Why a theoretically anticipated fall in electrical bioimpedance was not identified in the previous study in patients during BAL [14] could be explained as follows. Based on the original screen-captured EIT waveforms and the described methodological approach with the signals ‘later reviewed by three different physicians with no expertise in EIT who were blind to the procedures performed’, we presume that the blinded reviewers performing the offline analyses of the data erroneously identified the largest positive peaks in electrical bioimpedance signals as being associated with BAL. They selected these as representing the effects of fluid instillation and used them to generate functional EIT images of the presumed effects of fluid instillation on the spatial distribution of electrical bioimpedance in the chest cross-section.

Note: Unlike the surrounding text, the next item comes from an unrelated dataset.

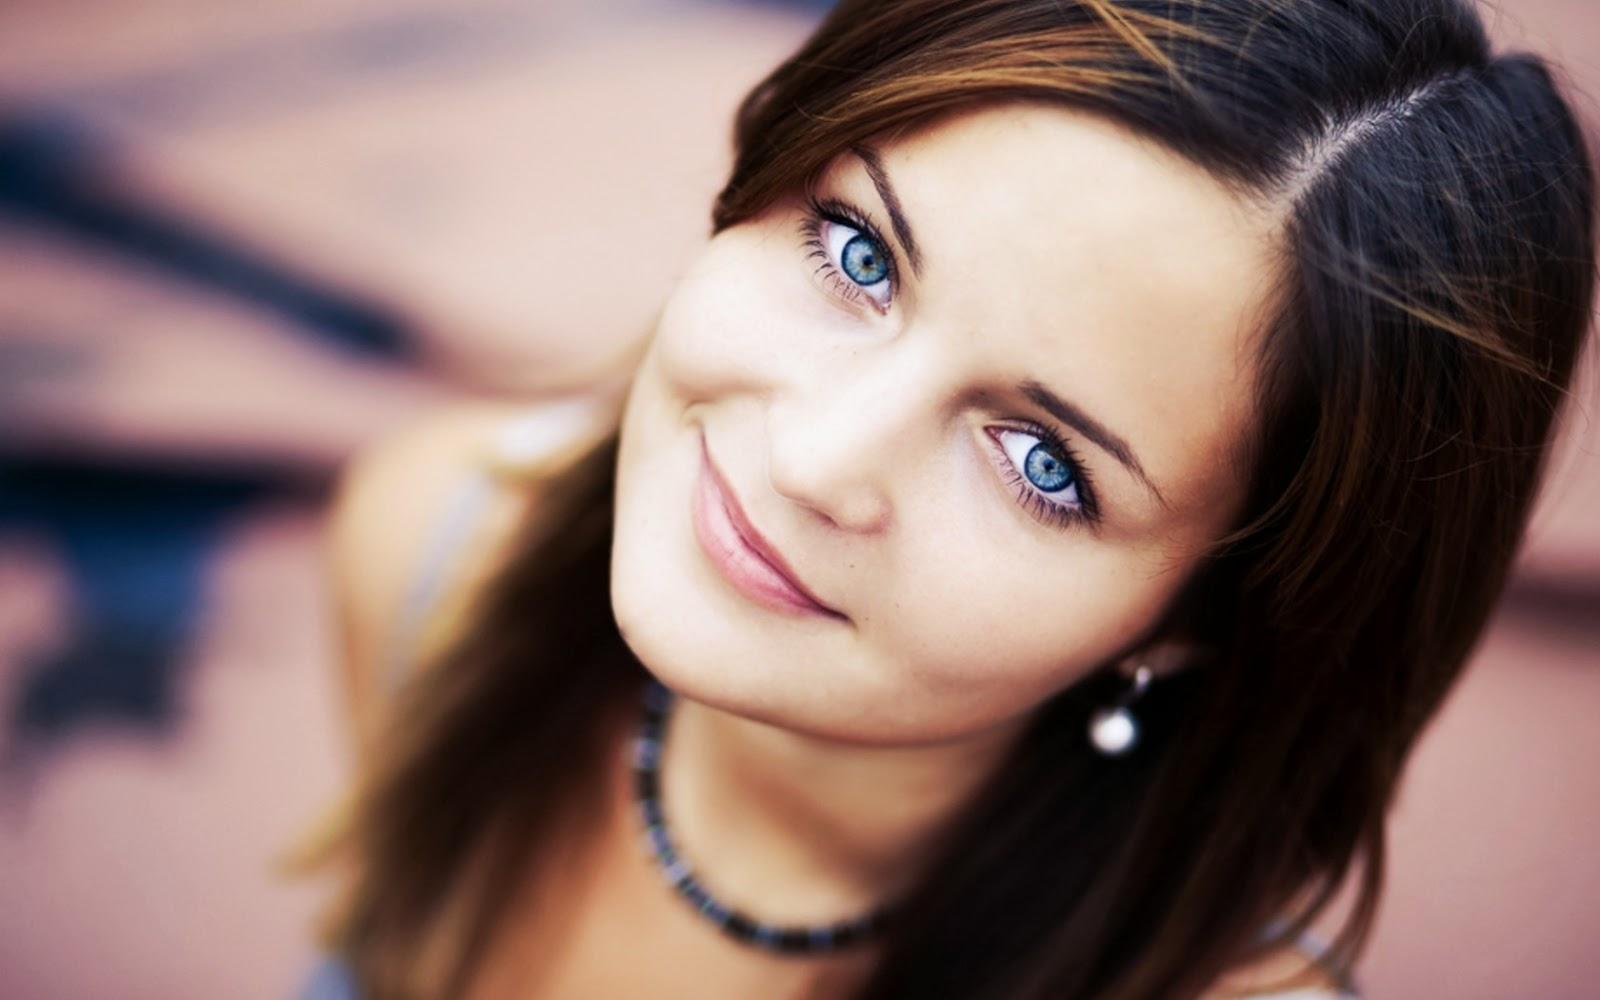 بالصور صور بنات كيوت جميلات , صور جميلات بنات كيوت اجمل البنات 4221 4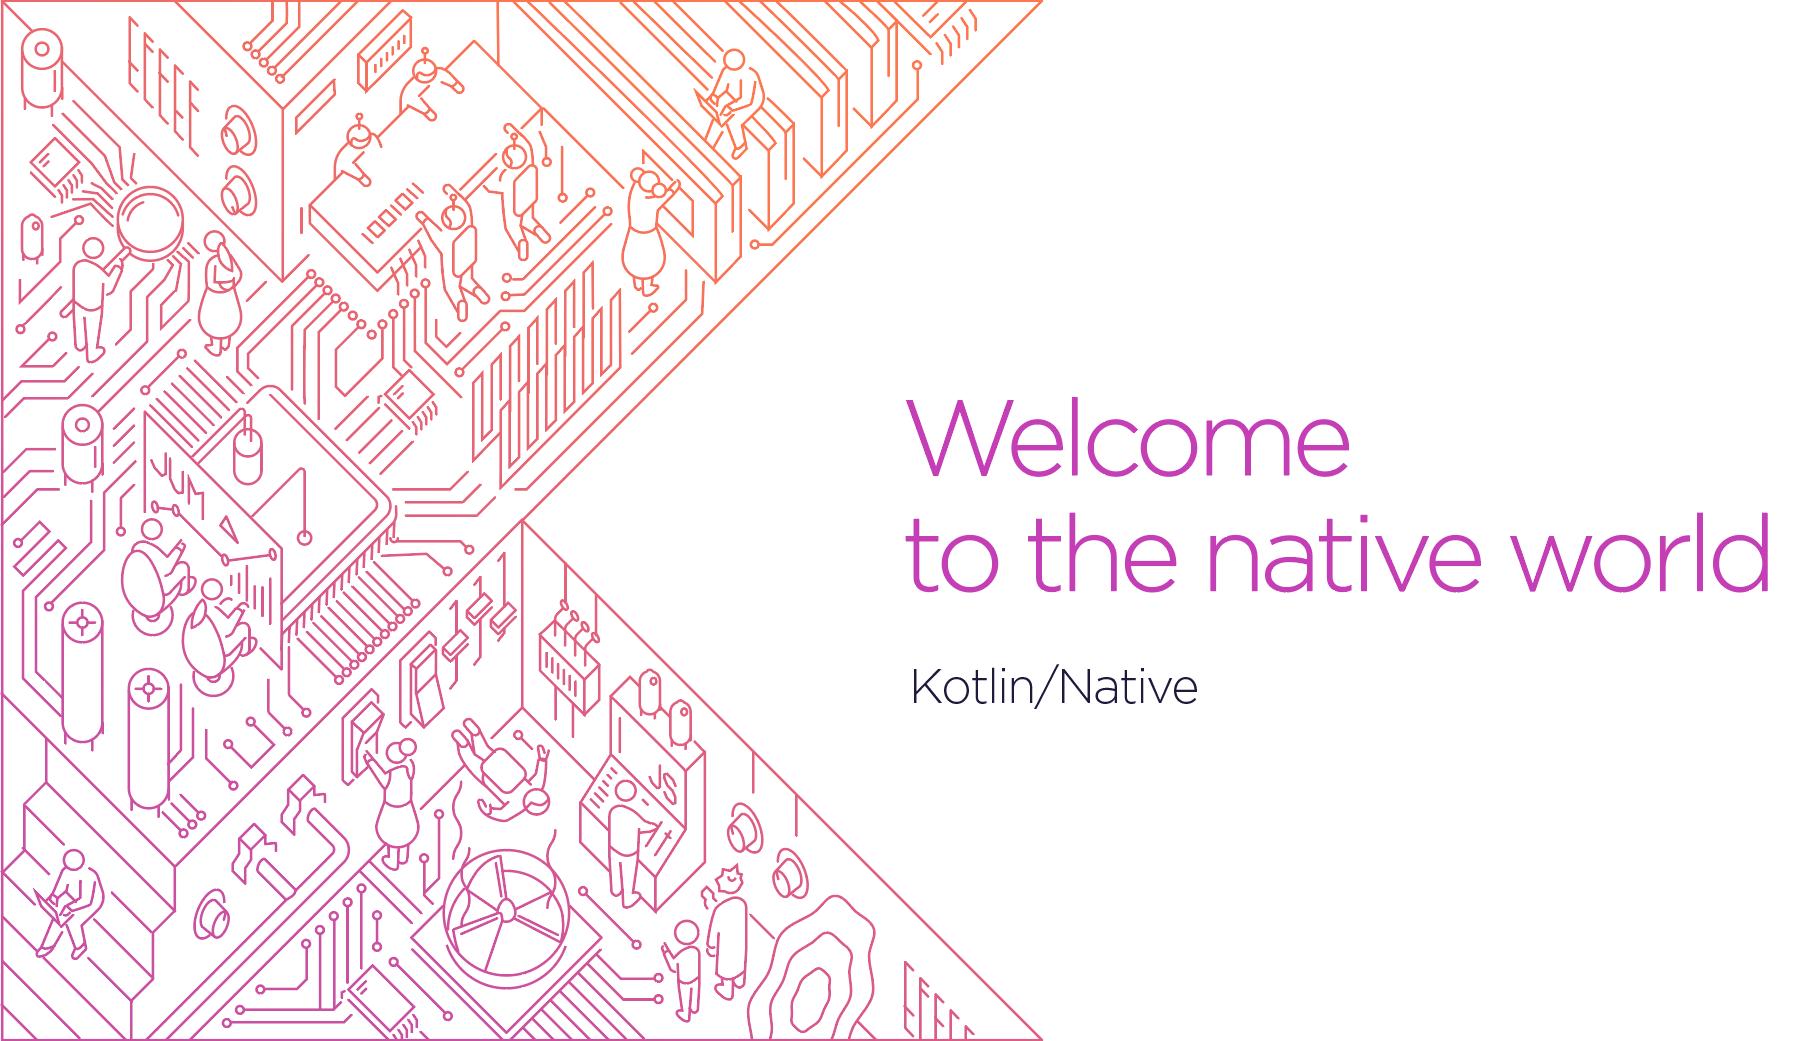 برنامه نویسی با کاتلین / نیتیو یا kotlin/native

These infrequent positive peaks could have theoretically resulted from spontaneous breaths; however, the patients were described as sedated and paralysed for the procedure. They also could have been caused by undocumented manual inflations. In that case, the functional images generated from these peaks would rather show the inflation of lung regions unobstructed by the catheter or bronchoscope than the lavaged region.

Finally, we would like to address a few limitations of our study: (1) EIT scanning was performed at a relatively low scan rate compared with the most modern EIT devices. However, the rate of 13 images/s was more than sufficient to reliably identify the relevant time points and obtain the corresponding data needed for the analysis. (2) We have performed only open BAL procedures. It can be presumed that a closed procedure would not result in a pronounced fall in electrical bioimpedance seen in our data after the disconnection to ambient pressure as previously shown [25]. It is probable that the rel. ΔZ values after the closed suctioning might have also been different as can be implied from a previous study [24]. We expect that the effects of fluid instillation should be similar in open and closed BAL; however, the present data do not allow to confirm this.

Conclusions

Our study has described for the first time the global and regional pulmonary effects of lavage fluid instillation and subsequent suctioning in an in vivo animal model using EIT. A marked fall in chest electrical bioimpedance resulted from BAL which was only partially reversed by fluid recovery by suction. The spatial distribution of these effects was posture-dependent. Based on our results, we recommend re-evaluation of the effects of BAL on bioimpedance in the clinical setting.